Amazon’s newly launched Data Pipeline will help Amazon Web Services customers get a better grip on handling their data scattered throughout the various AWS data repositories and third-party databases, Amazon CTO Werner Vogels said Thursday.
This tool will make it easy for AWS customers to create automated and scheduled workflows — from DynamoDB and S3 storage to Elastic MapReduce, wherever they’re needed. “It’s pre-integrated with AWS data sources and easily connected to third-party and on-premise data sources,” Vogels said.
The proliferation of data — machine logs, sensor data and plain old database data — is driving the need for automating the flow of that data from databases to storage to applications and back. “You have to put everything in logs which creates even more data … in AWS,” Vogels said.
Users build their workflows with a drag-and-drop interface and schedule them to run periodically. By making it easy to consolidate data in one place, customers will be better able to run big batch analytics on their logs and other information.
There was not a ton of details other than that, but from AWS track record, the service should be available soon. Stay tuned for updates.


This is a great step forward for those who store Big Data sets in the Cloud. It will reduce the administration required to do periodic batch runs of data sets, for sure.
But is Amazon looking at ways to offer in-memory services that would reduce the need for batch schedules? That would be an interesting proposition.
Actually, workflows don’t need to touch EMR. If you have in-memory DBs in EC2, or are using Redshift, for example, you can move data there too. Or they could go from EMR to an in-memory system. It’s really whatever flow you want, I’ve been told.
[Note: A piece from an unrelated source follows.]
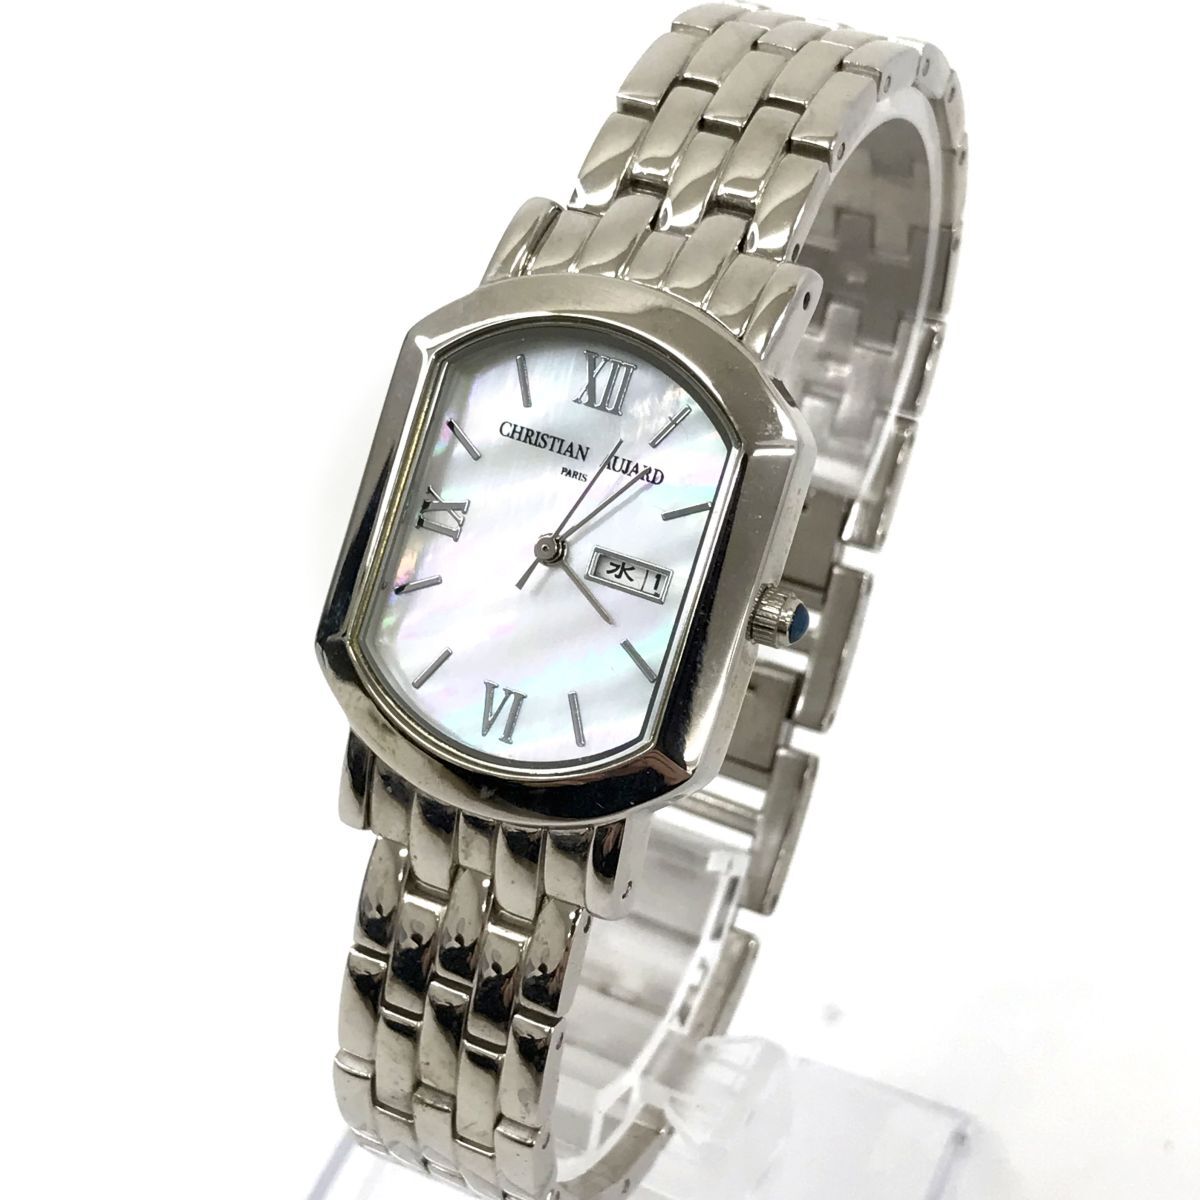 CHRISTIAN AUJARD Christian oja-ru наручные часы кварц аналог ракушка серебряный календарь модный батарейка заменена рабочее состояние подтверждено

As in-memory data grids become the backbone of next-generation on-line applications, their dependency on any specific data storage technologies will become less relevant. AWS’s Data Pipeline Service could cross the divide between local/cloud data and allow HDFS to become the consolidated data storage platform of choice.
More on this here: http://mark.chmarny.com/2012/11/hdfs-has-won-now-de-facto-standard-for.html
Whoa, now that’s something I can use – data pipeline, great idea.